The Heat (4-6) played without starters Jimmy Butler, Goran Dragic, Bam Adebayo and watched the 76ers race out to a 73-58 lead at halftime. All-Star guard Ben Simmons was the victim of trade rumors all week, then he dropped his 30th career triple-double (10 points, 10 assists, 12 rebounds) on the Heat. Again, no excuses. No fatigue.

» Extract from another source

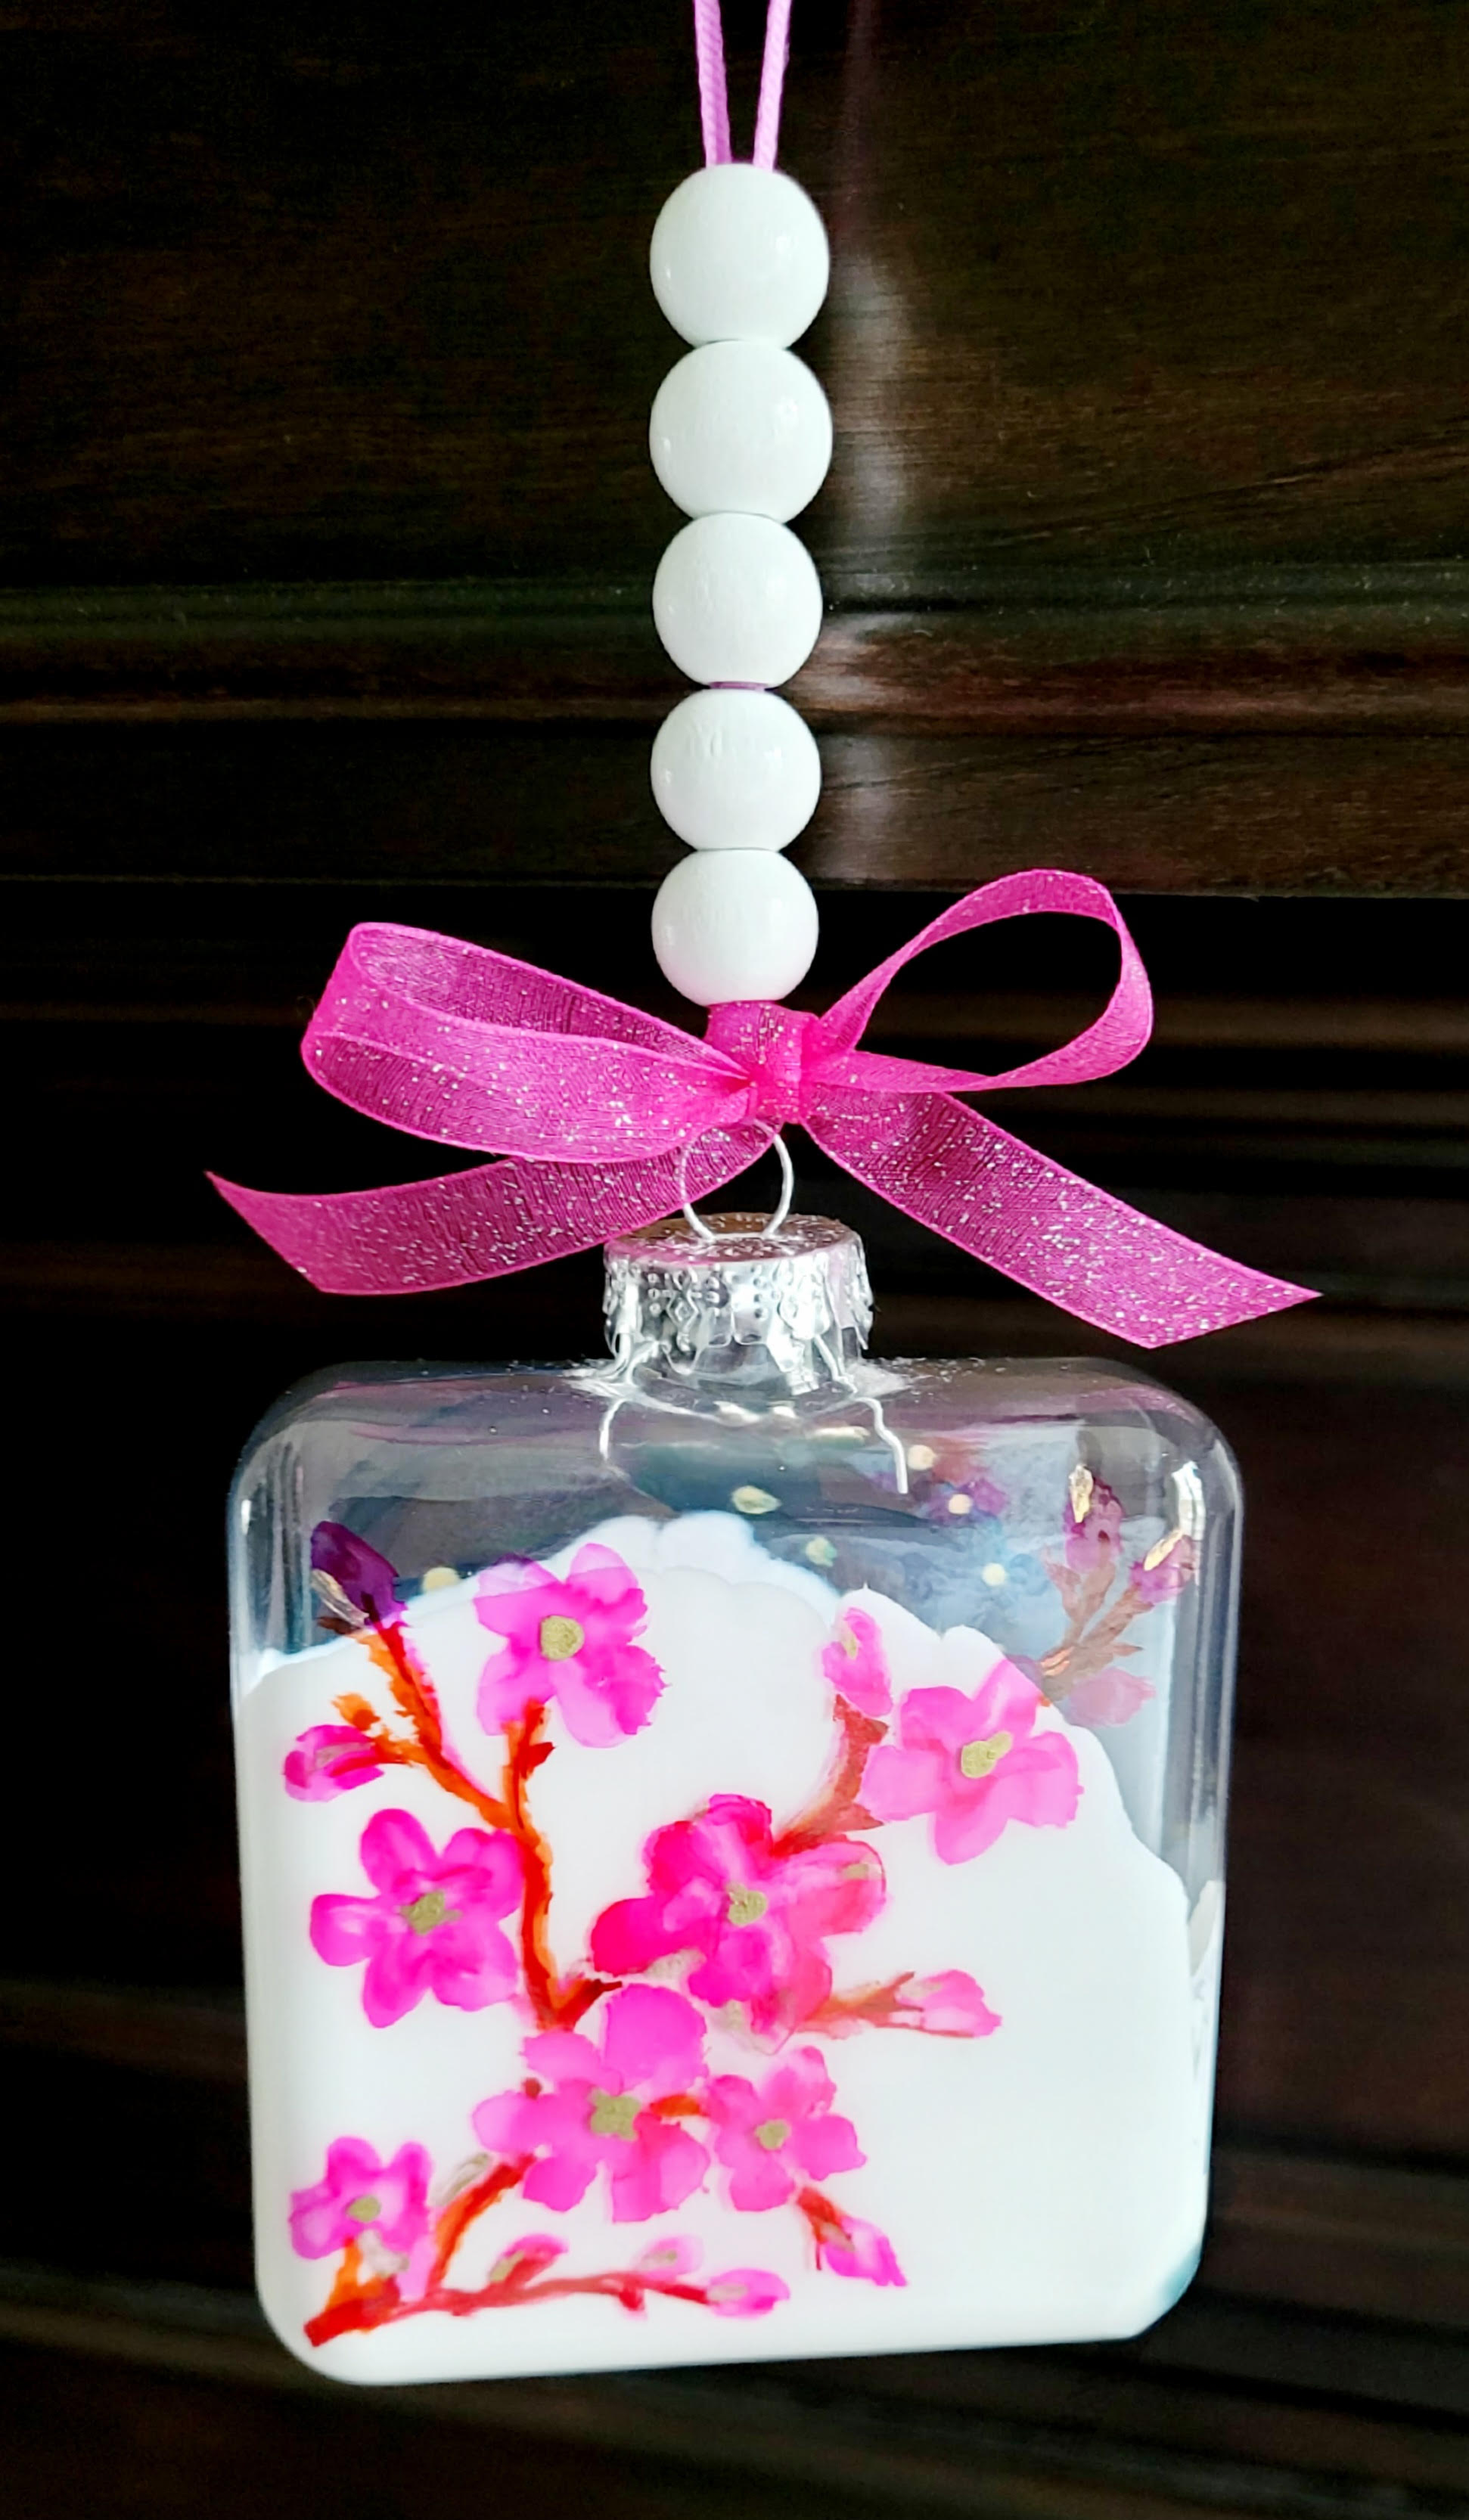 A color photo of a decorative ornament featuring a beaded hanger and pink bow.

“They were picking us up, and pressuring us, and trying to get us out of our normal timing,” Spoelstra said, “and they did a pretty good job with that. But our group is going to be just fine. Some things we did well in this game. The young guys will bounce back. We have a very talented group of young players, and we just need to get home, get healthy, and get ready for the next one.”
The next one is Saturday (Jan. 16) at AmericanAirlines Arena in Miami. Tip-off is slated for 8 p.m. against the Detroit Pistons (2-9).
Back to Full Strength?
The NBA has been strict about its contact-tracing policy amid the COVID-19 pandemic, so it’s unclear when the Heat will be back to full strength. They have been down eight guys — Jimmy Butler, Goran Dragic, Kendrick Nunn, Bam Adebayo, Moe Harkless, Avery Bradley Udonis Haslem, KZ Okpala — since Jan. 10. They have been quarantining and following the rules, but for how much longer? No one knows.
“I don’t know,” Spoelstra said when asked when his players would be back. “I don’t know yet.”
Meanwhile, center Meyers Leonard sat out Thursday’s game with a strained left shoulder and guard Tyler Herro left in the fourth quarter with back spasms. There is no further injury update on either player at this time.